Achieving that target will require a quantum leap in investments to secure sufficient supplies of so-called transition minerals. Clean-energy technologies such as solar plants, wind farms, and electric vehicles are mineral-intensive. Motors and turbines need nickel, chromium, manganese, and rare earths. New electricity networks require vast quantities of copper wire. Electric-vehicle batteries need lithium and nickel. The International Energy Agency estimates that reaching net-zero emissions by mid-century will require a six-fold increase in mineral inputs, and a 40-fold increase in lithium supply.

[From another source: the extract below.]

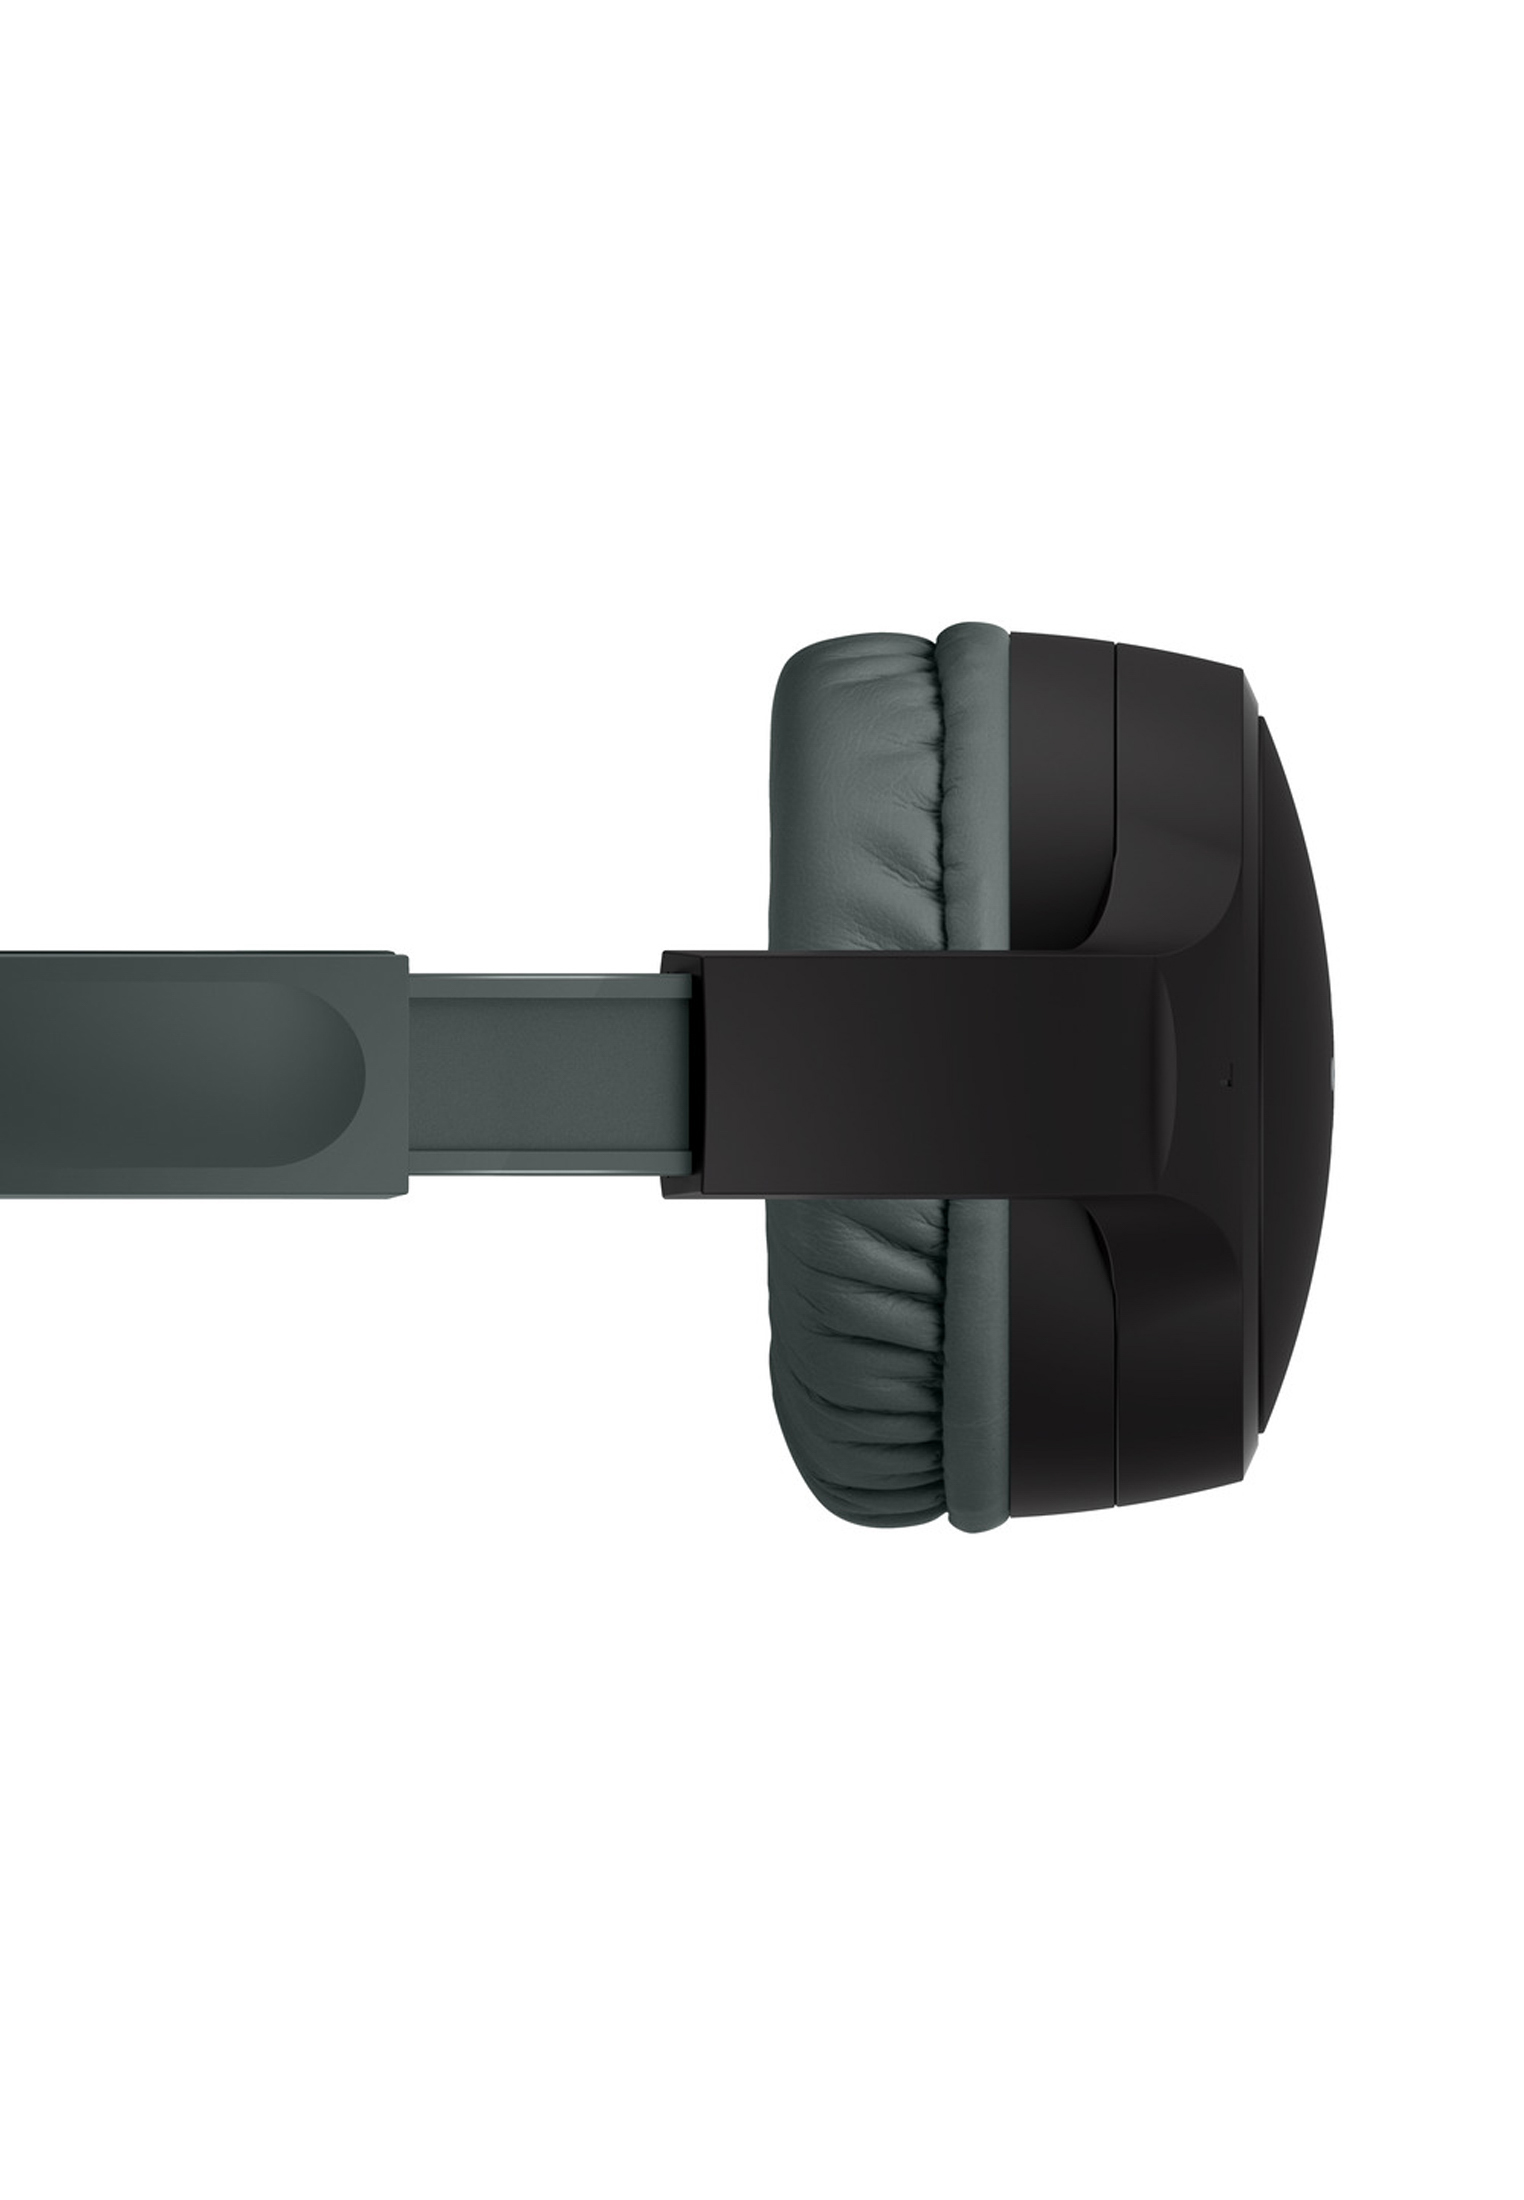 BELKIN On-Ear-Kinderkopfhörer Mini, On-ear schwarz Bluetooth SOUNDFORM™

Policymakers and investors have slowly woken up to the fact that shortages of transition minerals pose a real and present danger to global climate goals. With demand outstripping supply, prices are surging. Mining companies are desperately seeking new sources of minerals – witness Rio Tinto’s recent acquisition of a lithium project in Argentina, BHP’s investments in Ecuadorean copper and Tanzanian nickel projects, and Glencore’s investments in African copper and cobalt. Larry Fink, the chief executive of BlackRock, the world’s largest money manager, anticipates a transition-mineral investment boom that “is going to be large and […] going to be multiple years of investing.”
Therein lies both an opportunity and a threat. The opportunity is for governments, investors, mining companies, and civil-society organizations to come together to develop new investment models aimed at supplying a renewable-energy revolution while building shared prosperity, public trust, and strengthened governance. The threat is that we fail to protect the human rights of vulnerable communities in the transition-minerals boom, with an investment surge instead fueling the destruction of livelihoods, environmental damage, and a global wave of land and water grabs by multinational companies.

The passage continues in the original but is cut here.